Two-Sided Responsibilities

For trust to thrive, Crowley says teams must be accountable and leaders reliable. Accountable teams deliver commitments, ask for help early, and learn from mistakes. Reliable leaders set clear expectations, act with integrity, empower rather than micro-manage, and back their people publicly. He encourages open discussions about calling out behaviours respectfully—a practice borrowed from elite sports teams where players confront each other constructively after poor performance.

Fix the Problem or Fix the Process

Crowley closes with a pragmatic mantra: “If it happens once, fix the problem. If it keeps happening, fix the process.” When mistakes recur, redesign the system instead of blaming people. As in safety engineering, organisations must close the gap between “work imagined” (policy) and “work done” (reality). Leaders who build trust do more than bond teams—they create systems resilient to human fallibility. Accountability paired with reliability is, to Crowley, the grease that makes productivity frictionless.
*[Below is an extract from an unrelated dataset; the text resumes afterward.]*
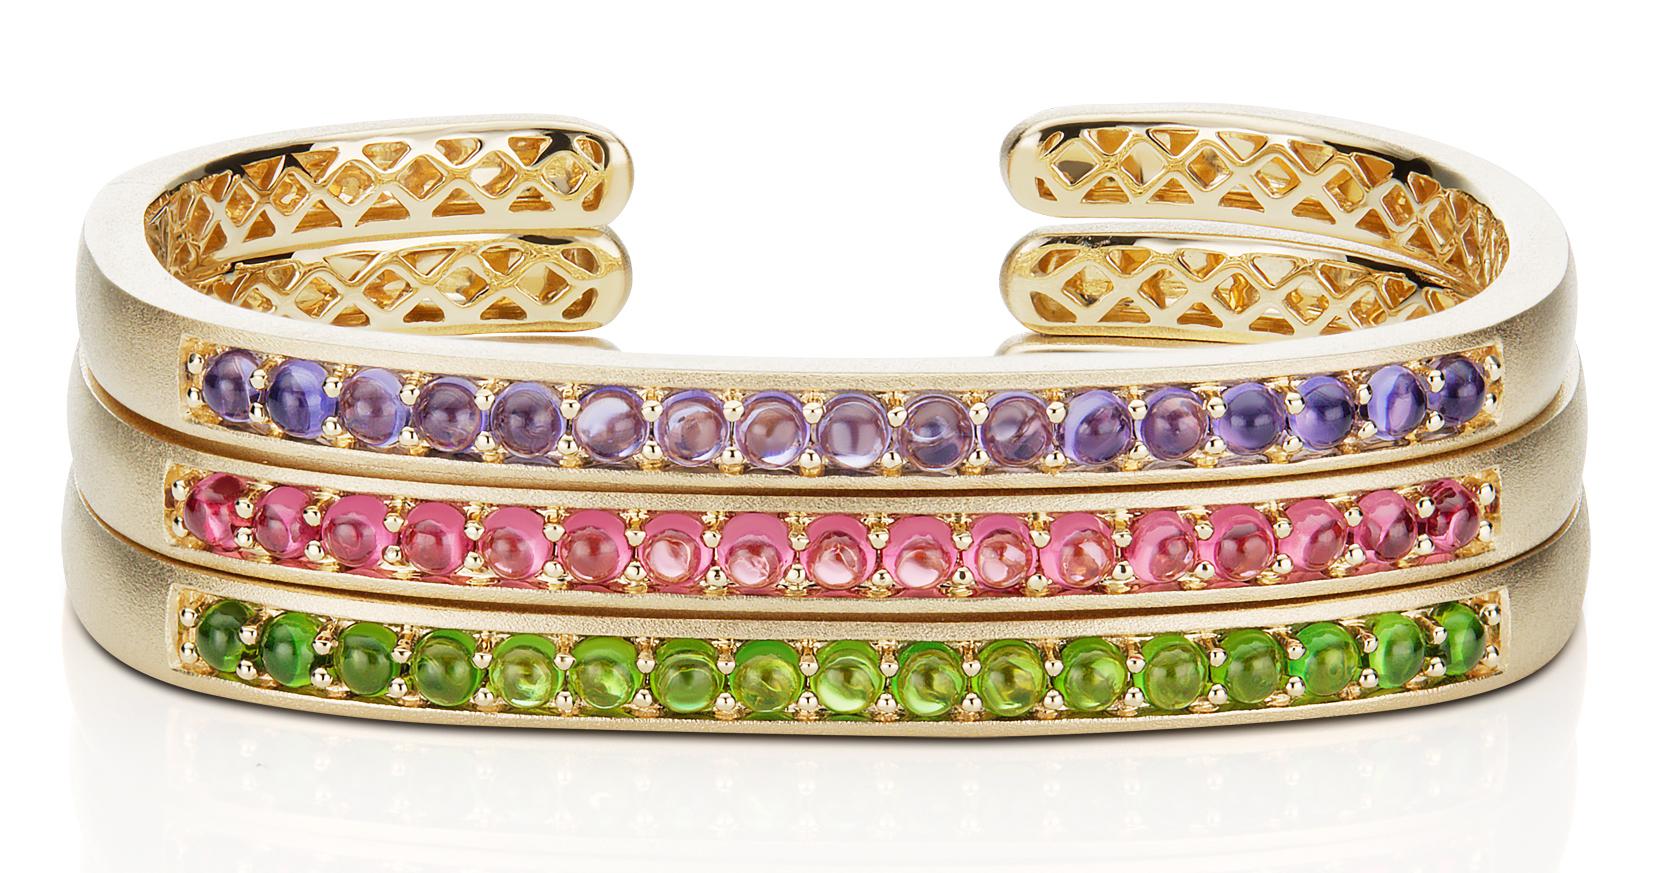 Jane Taylor Cirque cabochon bracelets | JCK On Your Market

Practice Respectful Negotiation

In the final act of Lead Smart, Crowley addresses the external interface—how leaders and teams negotiate with others across their organisations. He reframes negotiation not as conflict but as collaboration. “Everything in life is a negotiation,” he writes, “but it should be respectful.” This mindset allows leaders to maintain productivity across boundaries without creating adversarial tension.
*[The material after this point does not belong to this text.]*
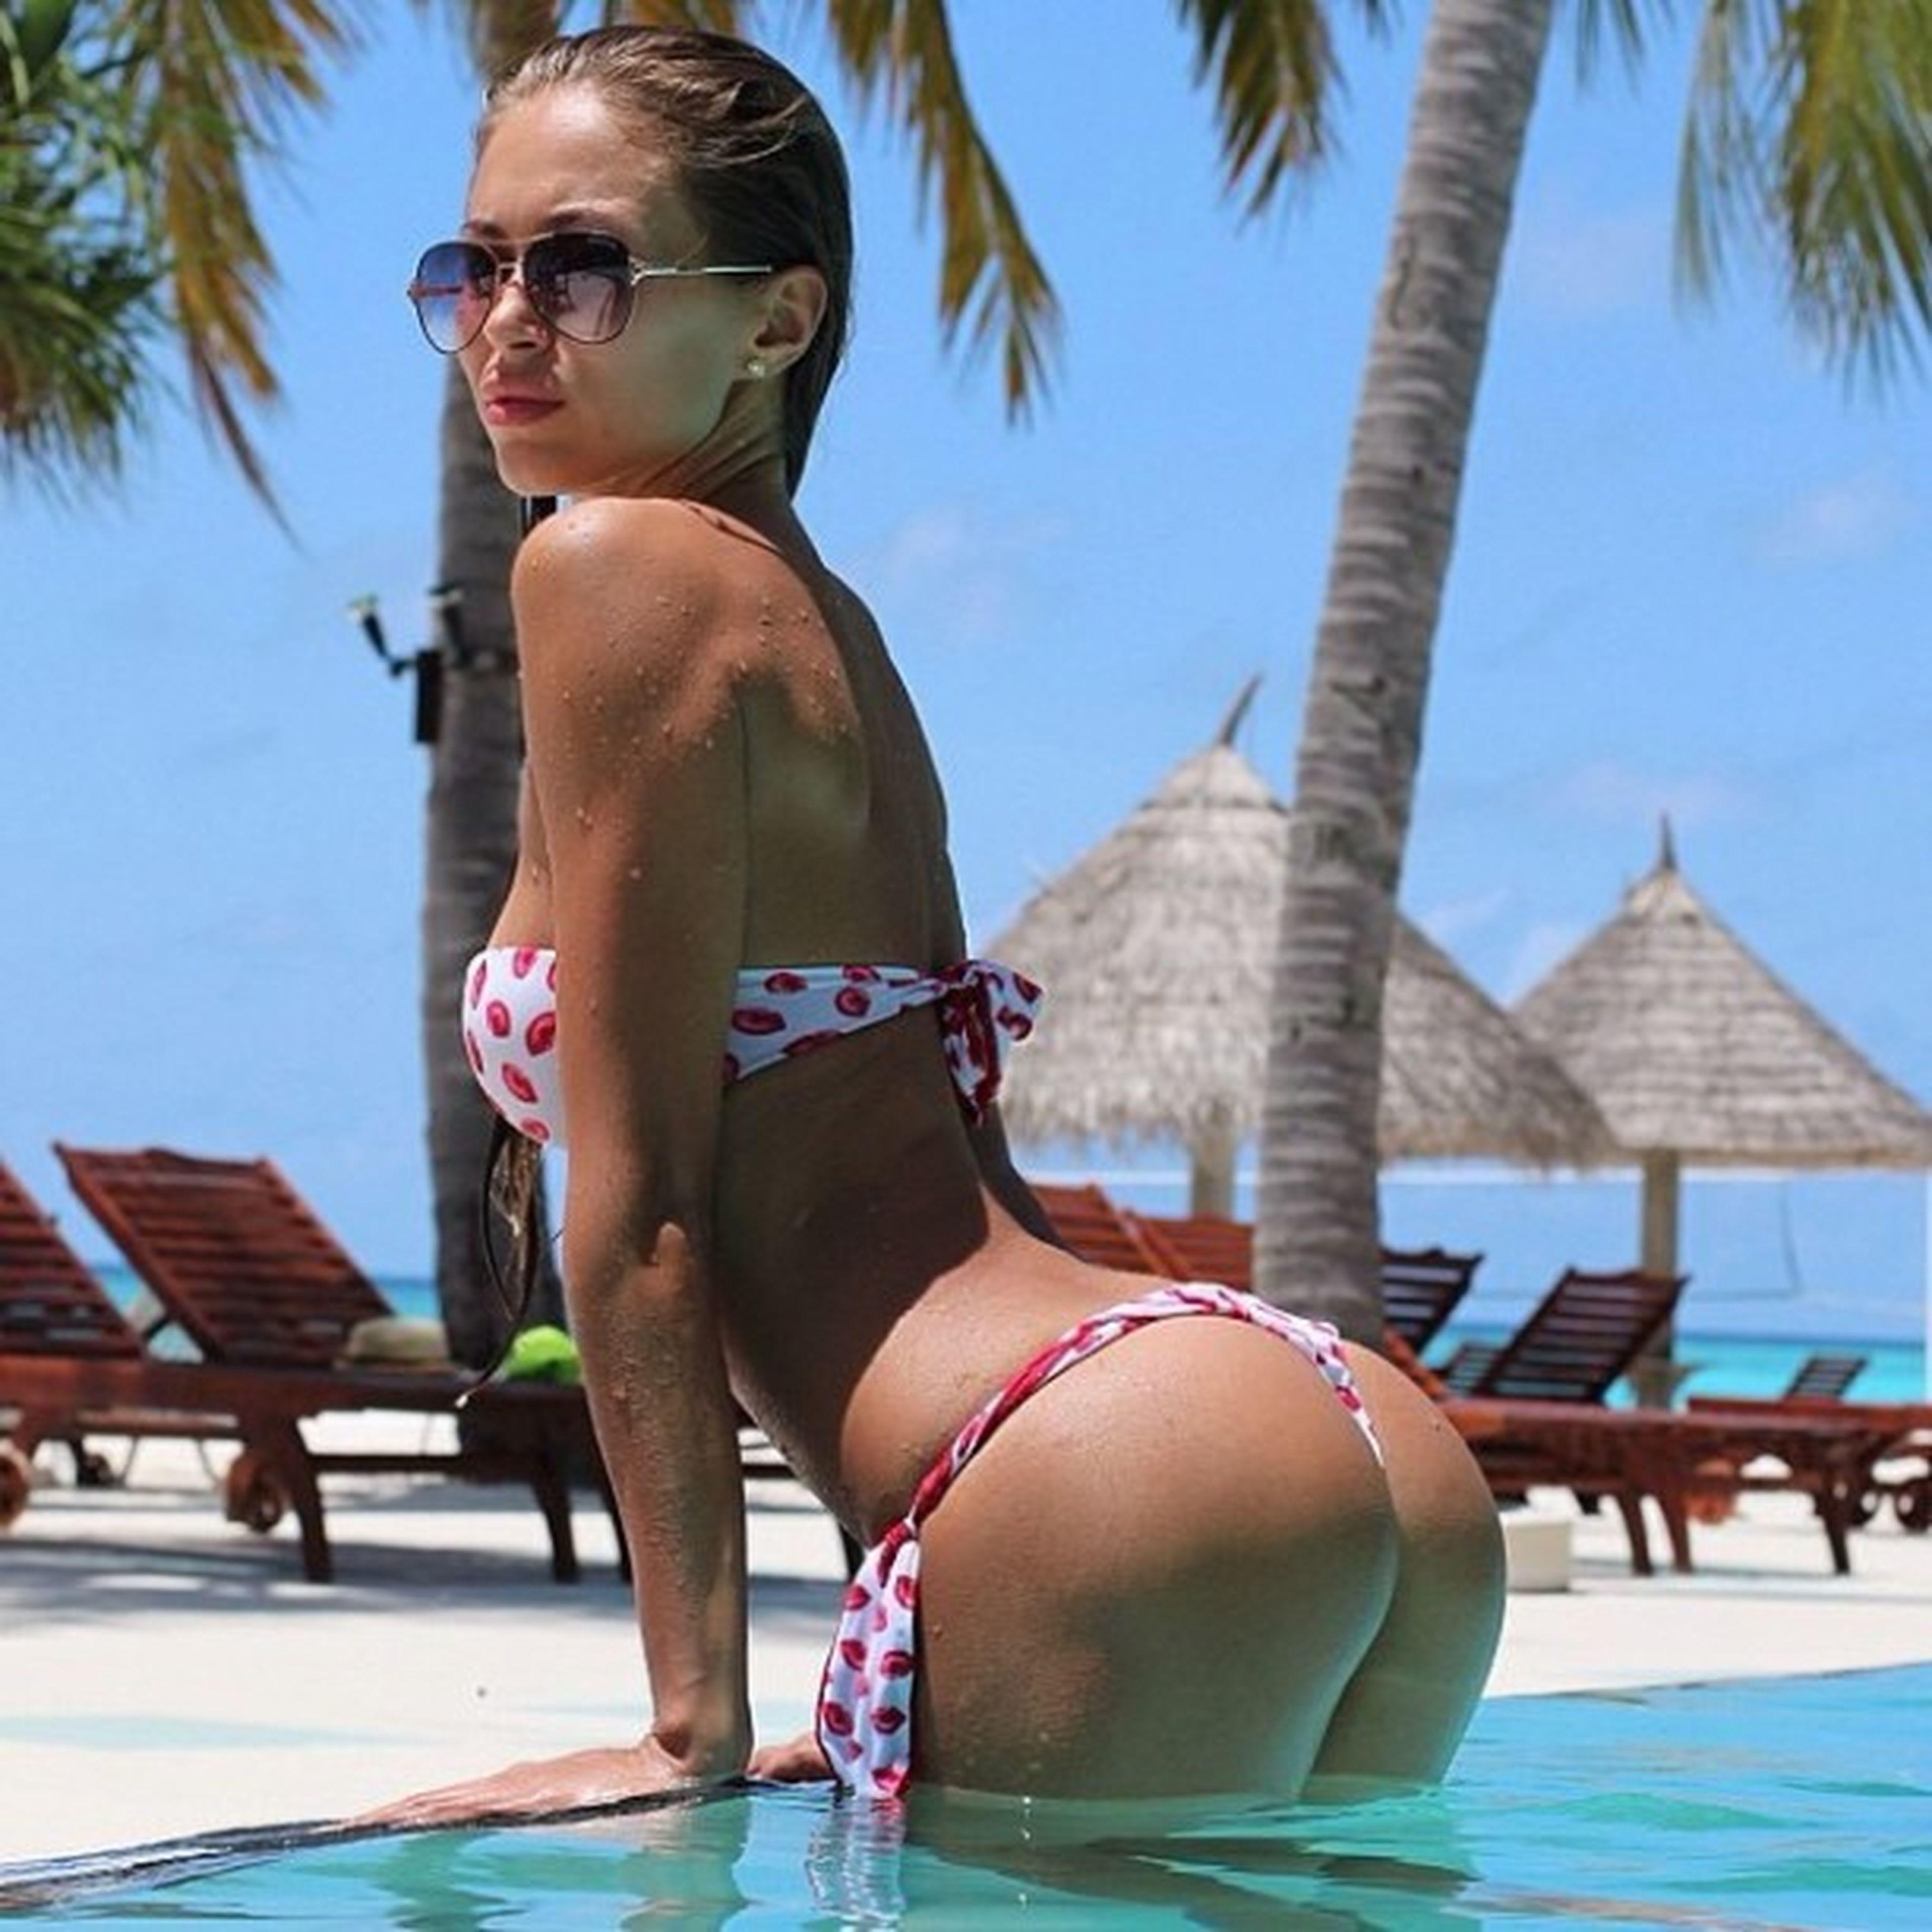 Kemer Sezon Açılısı Yapmış Russian Beach Girl Summer Club

Collaborative, Not Adversarial

Crowley’s anecdote about friends negotiating for a better table at a restaurant in Amsterdam illustrates his point. Instead of demands, they used open questions: “What could we do to make this possible?” The result was win/win. In corporate contexts, leaders can mirror this “collaborative negotiation” to handle deadlines, resource constraints, and priorities across teams.

The Urgency Dials

To manage unreasonable deadlines, Crowley recommends visualising “Urgency Dials”—adjustable levers such as deadline, scope, quality, budget, resources, and risk. If time is nonnegotiable, adjust scope or quality instead. He uses the marshmallow story from his earlier chapters to teach delayed gratification: offer others the choice between a short meeting now (a single marshmallow) or a deeper one later (two marshmallows). Negotiation, he insists, is about choice and transparency, not compromise under duress.

Holding the Line

Crowley closes with the metaphor of William Wallace from Braveheart: leaders must hold their line against busyness, disorganisation, and external pressure. Coaching teams to negotiate intelligently protects their time and energy. “They may take our schedules,” he jokes, “but they’ll never take our freedom!” Productive leaders, he argues, are calm defenders of focus amid chaos.

Ultimately, respectful negotiation is the capstone skill for leading smart. It’s the bridge between internal discipline and external collaboration—a way to extend your productivity ethos across the entire organisational ecosystem.